EQ M8.3 — HIDDEN-LAYER GRADIENT: THE BACKWARD PRODUCT $$ \delta_1 \;=\; \big( W_2^{\top}\, \delta_2 \big) \,\odot\, \varphi'(z_1), \qquad\quad \frac{\partial L}{\partial W_1} = \delta_1\, x^{\top}, \qquad \frac{\partial L}{\partial b_1} = \delta_1 $$

Read $W_2^{\top} \delta_2$ as EQ M8.1's sum-over-children done for every hidden unit at once: the same weights that carried activations forward carry blame backward, transposed. Then $\odot\, \varphi'(z_1)$ gates the blame through each unit's local slope — a saturated unit ($\varphi' \approx 0$) absorbs no gradient. Deeper nets just iterate this line: $\delta_{\ell} = (W_{\ell+1}^{\top} \delta_{\ell+1}) \odot \varphi'(z_{\ell})$. One matrix multiply per layer, backward — the mirror image of the forward pass, at roughly twice its FLOPs.

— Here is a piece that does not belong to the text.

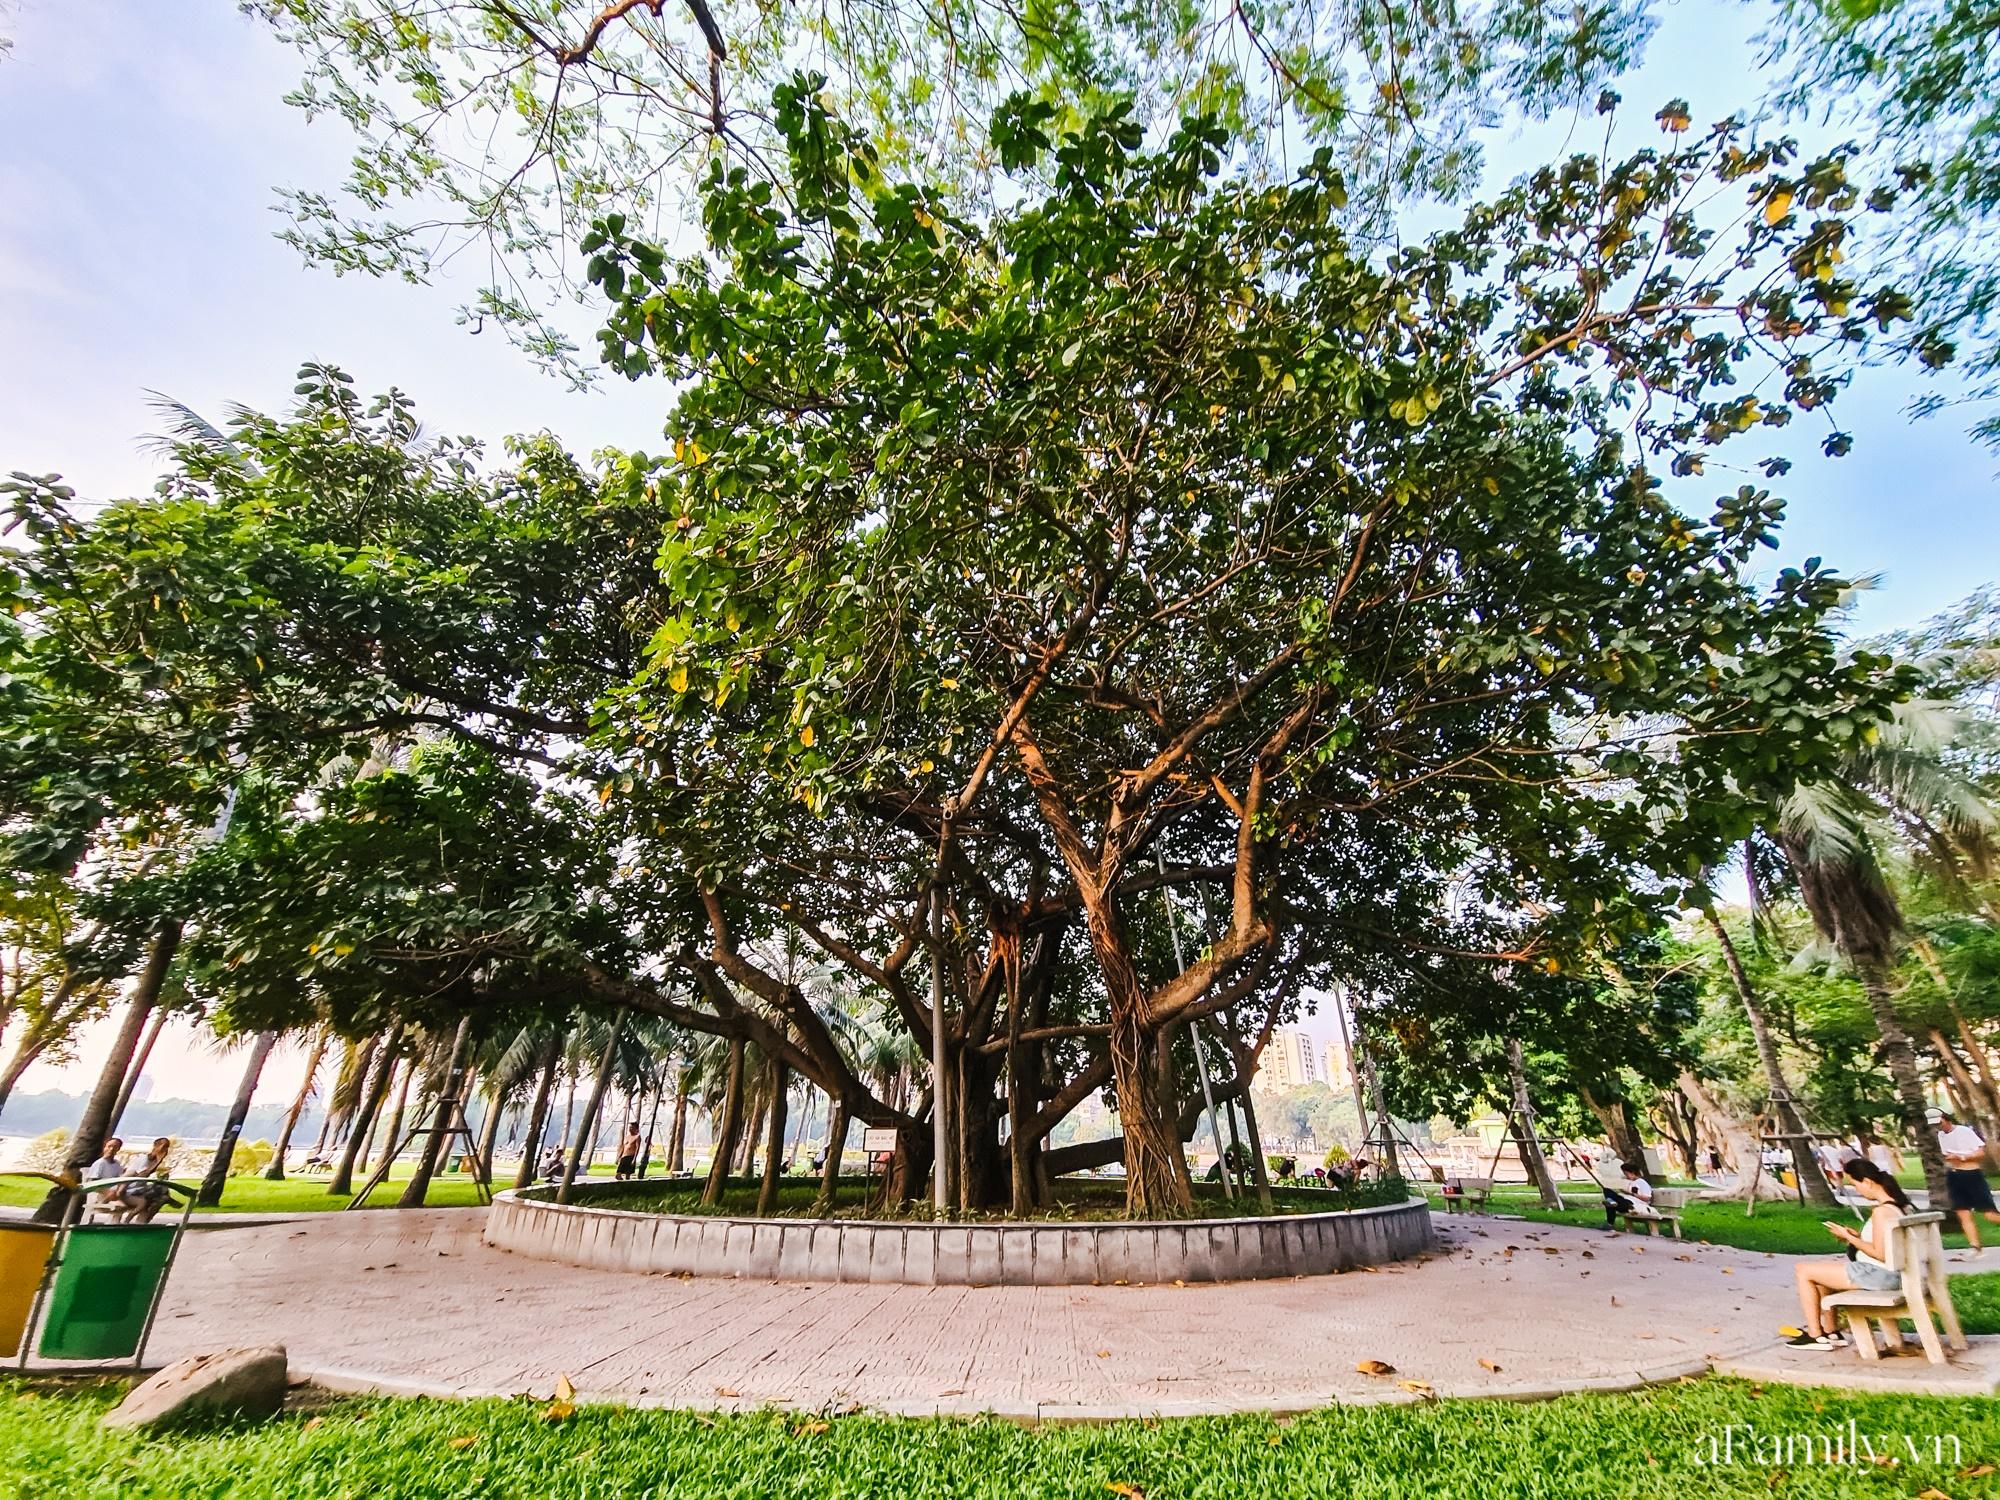 4000 đồng cho tour du lịch hè độc đáo ngay giữa thủ đô ở một công viên lâu đời vừa có đảo, vừa có rừng cây xanh, hồ cá trong lành - Ảnh 11.
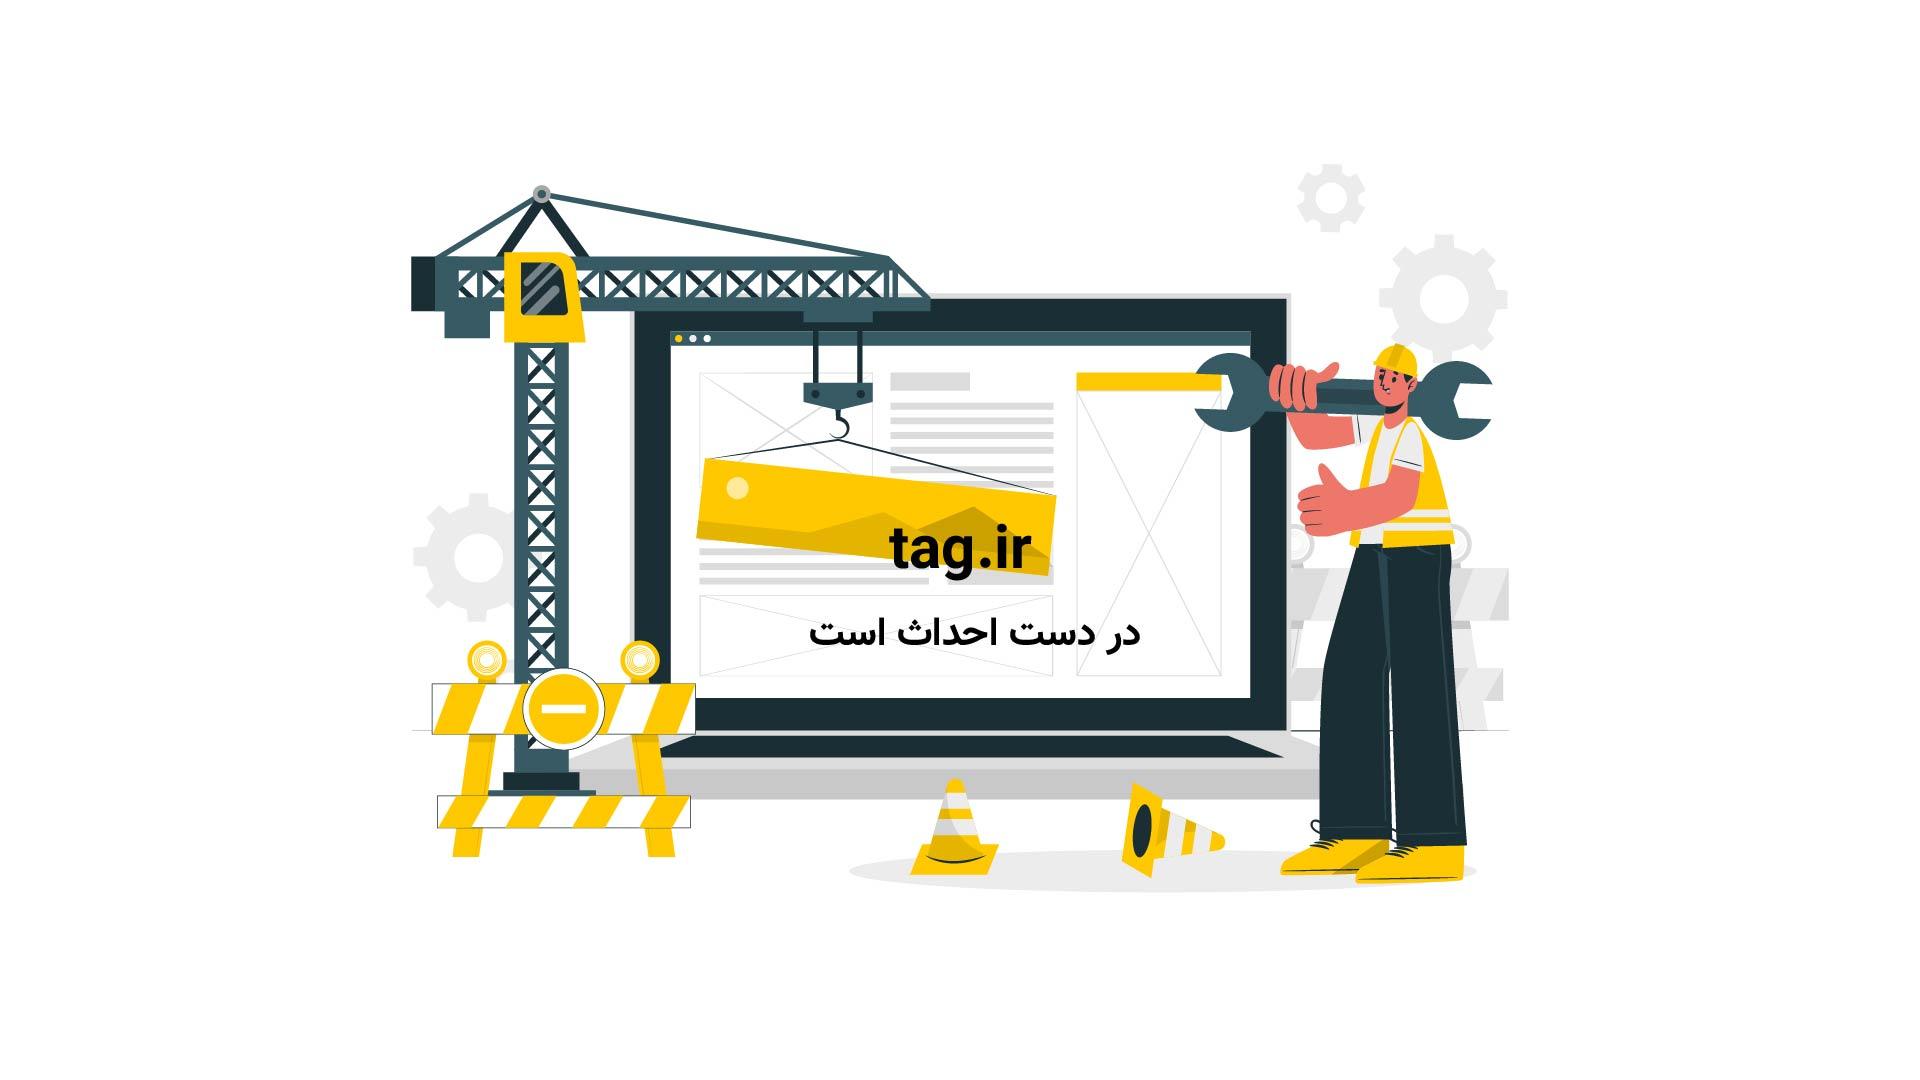 عناوین روزنامههای ورزشی سهشنبه 18 آبان | فیلم

That is the entire algorithm. Forward to get values, EQ M8.2 to start the blame, EQ M8.3 once per hidden layer to pass it down, then step every parameter against its gradient. The cell below is the complete loop — a 2-4-1 network learning XOR from eight points, every gradient written by hand. Two hundred epochs, loss printed and plotted; the predictions at the end are the proof Chapter 07 promised:

PYTHON · RUNNABLE IN-BROWSER

import numpy as np
rng = np.random.default_rng(3)

# 8 points on the XOR pattern -- the dataset Ch07 proved no linear model can fit
X = np.array([[0,0],[0,1],[1,0],[1,1],[.1,.1],[.1,.9],[.9,.1],[.9,.9]], float)
y = np.array([0,1,1,0,0,1,1,0], float).reshape(-1,1)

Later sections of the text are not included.